DATA EXTRACT:
#####
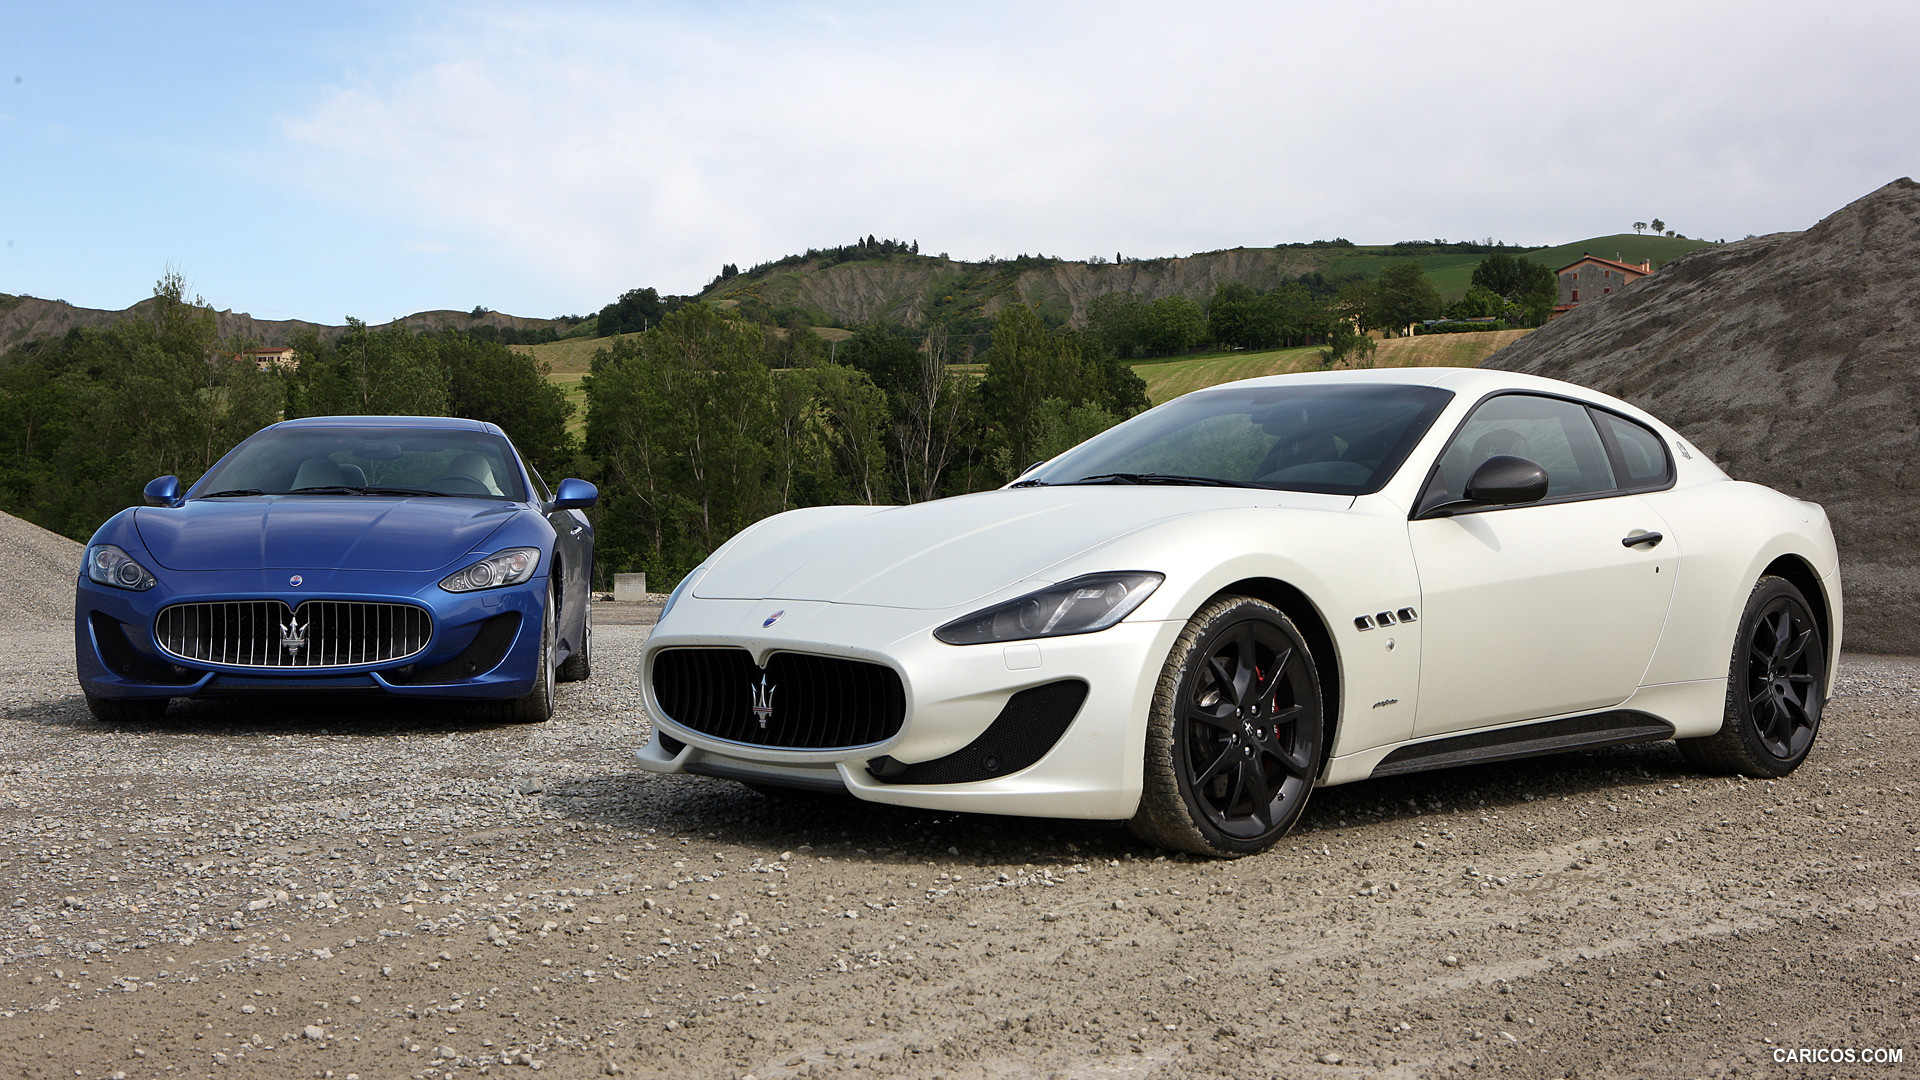 2013 Maserati GranTurismo Sport Duo - Front, #20 of 63
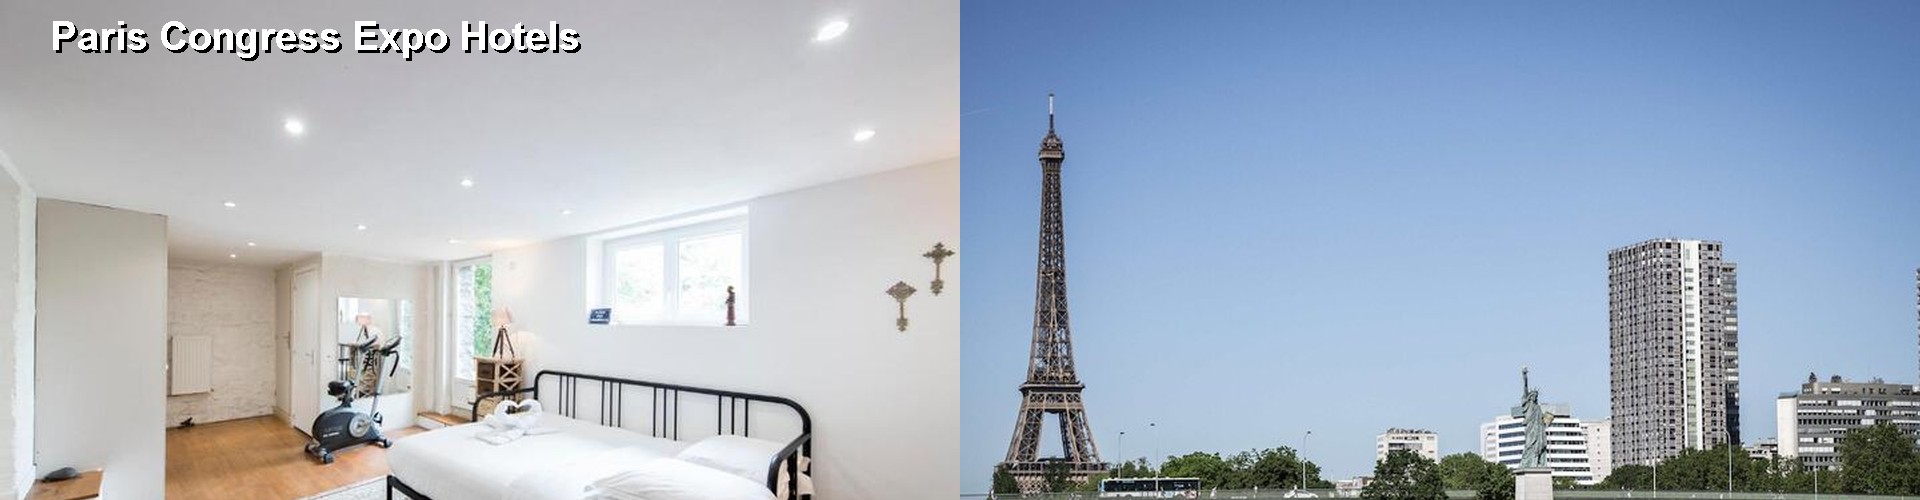 5 Best Hotels near Paris Congress Expo
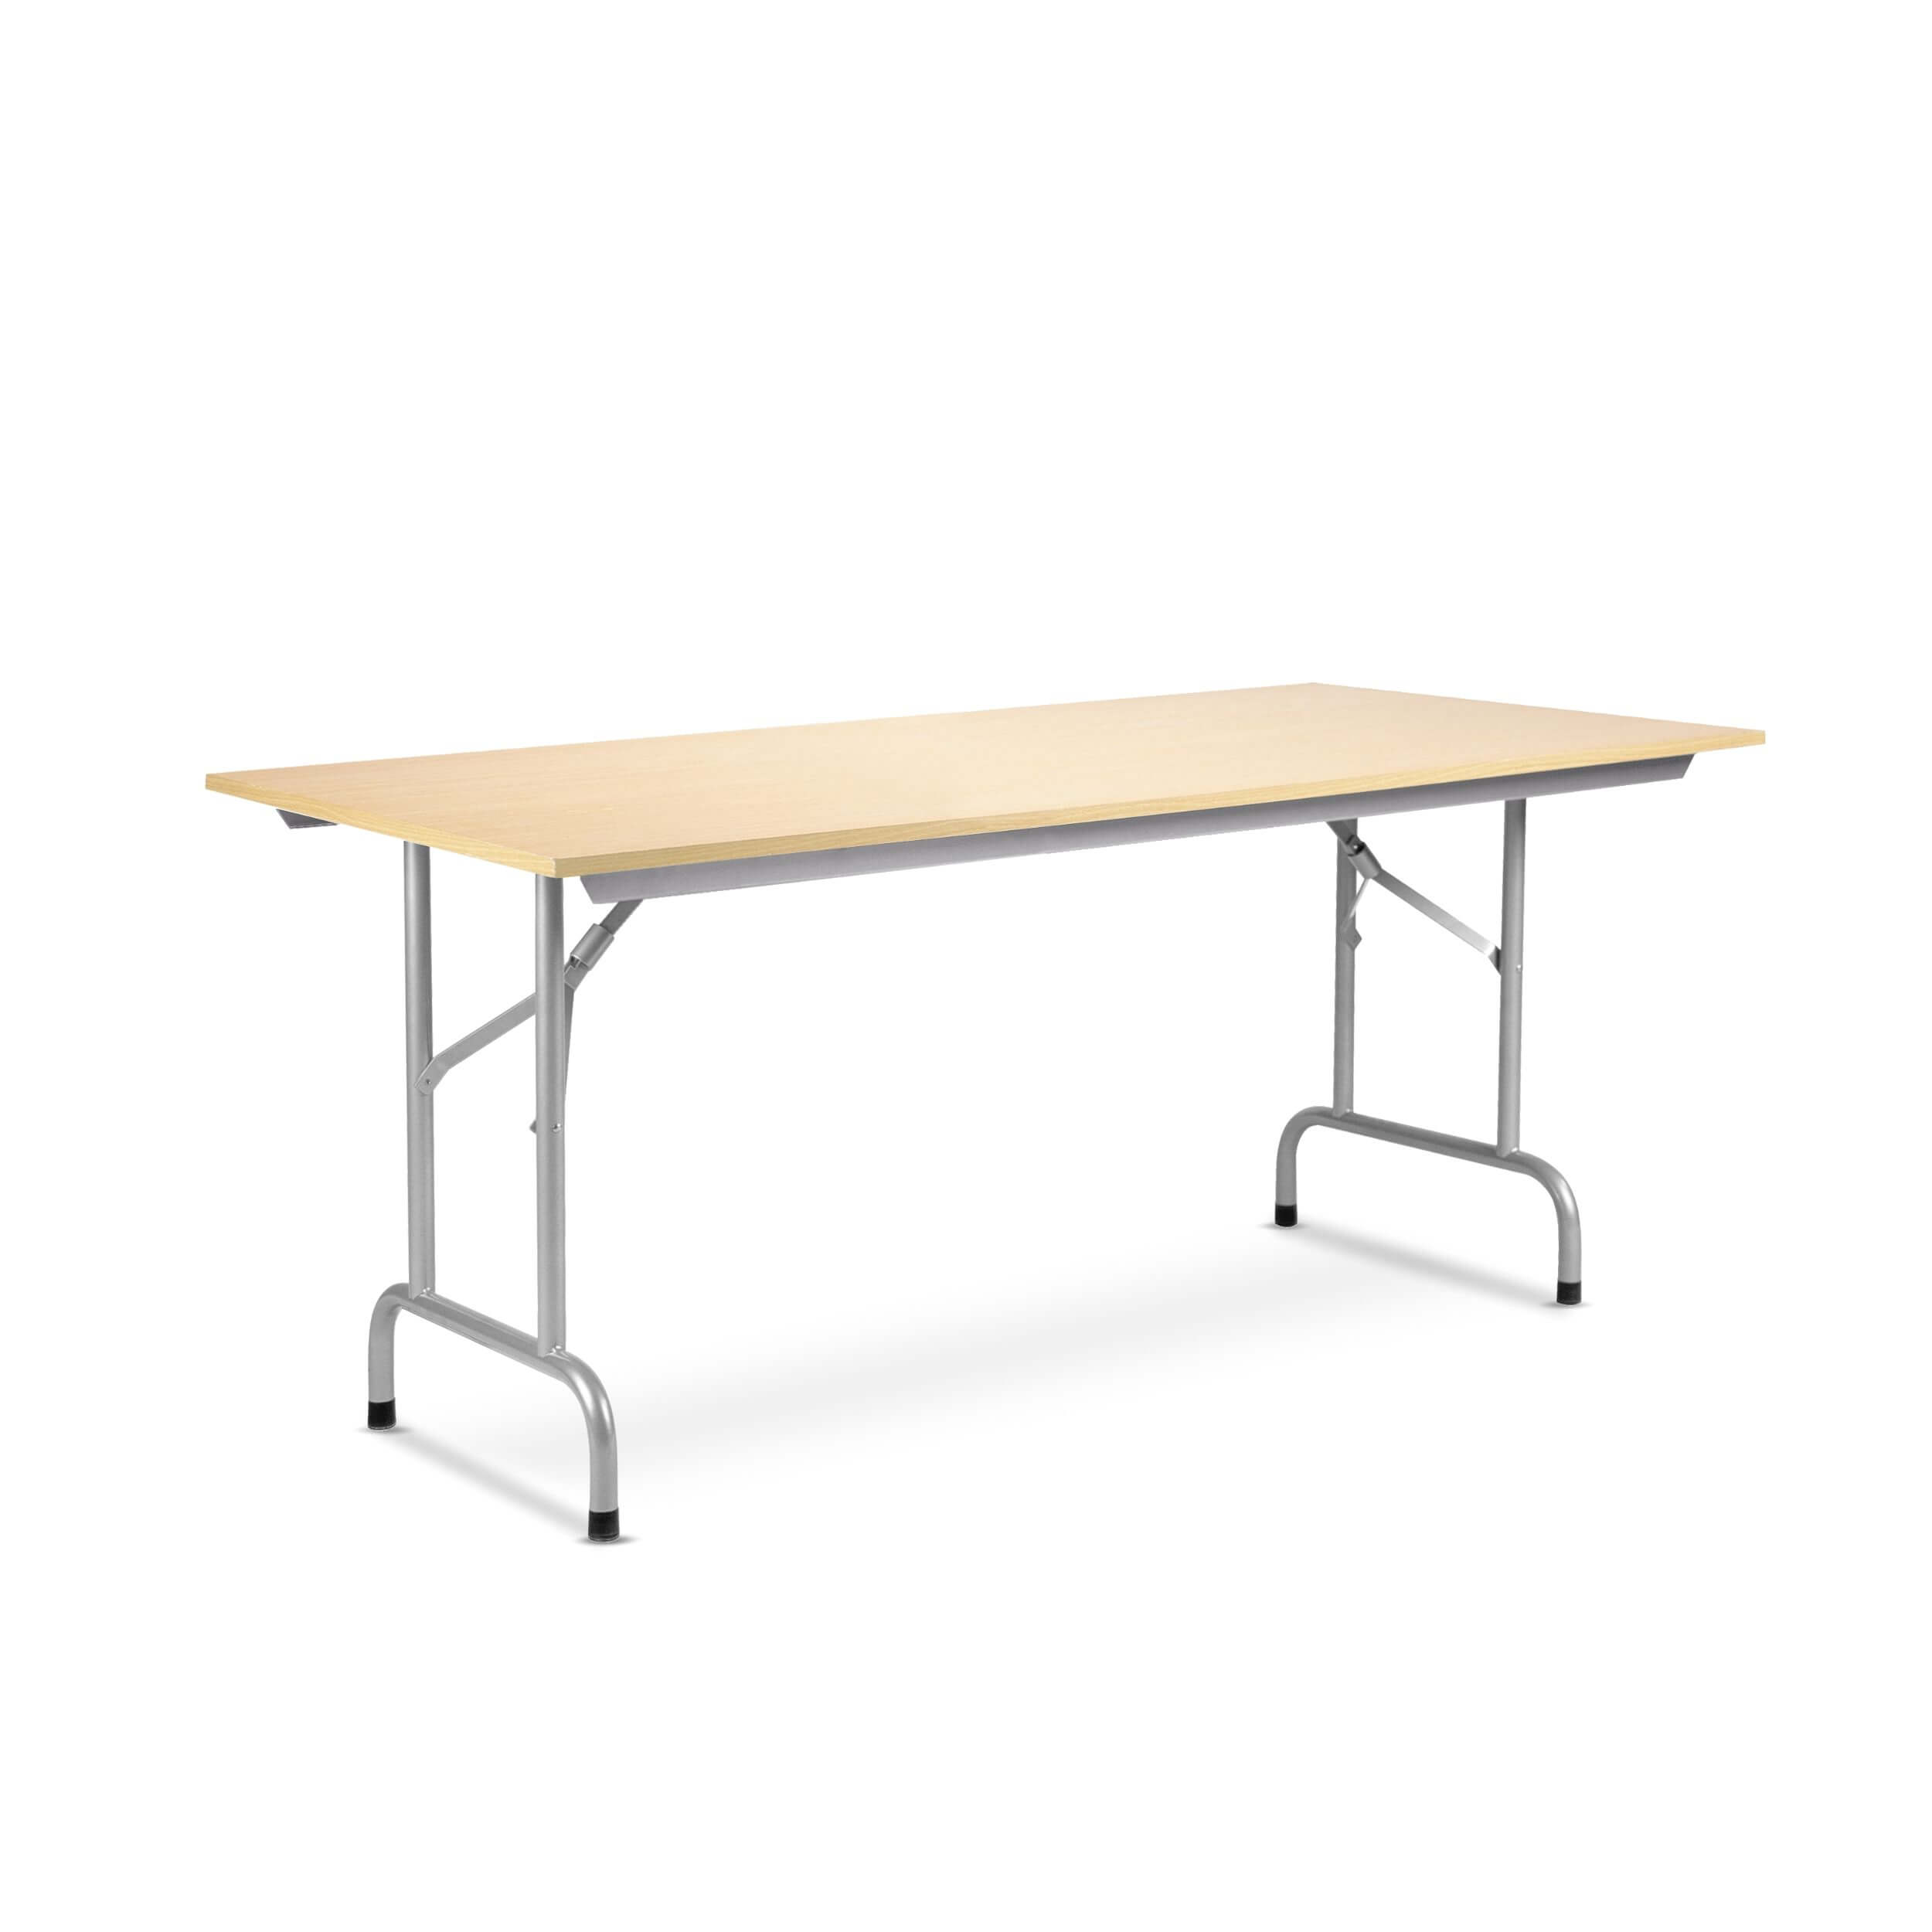 Tvirtas sudedamas stalas Rico-3 180x80 cm su stalviršiu iš drožlių plokštės.
#####
TASK STATEMENT:
Beginning with the line that holds "5 Best Hotels near Paris Congress Expo", write out exactly the lines down to the end of the material above, and no others. Pictures are not part of the copy.

EXERCISE RESPONSE:
 5 Best Hotels near Paris Congress Expo
 Tvirtas sudedamas stalas Rico-3 180x80 cm su stalviršiu iš drožlių plokštės.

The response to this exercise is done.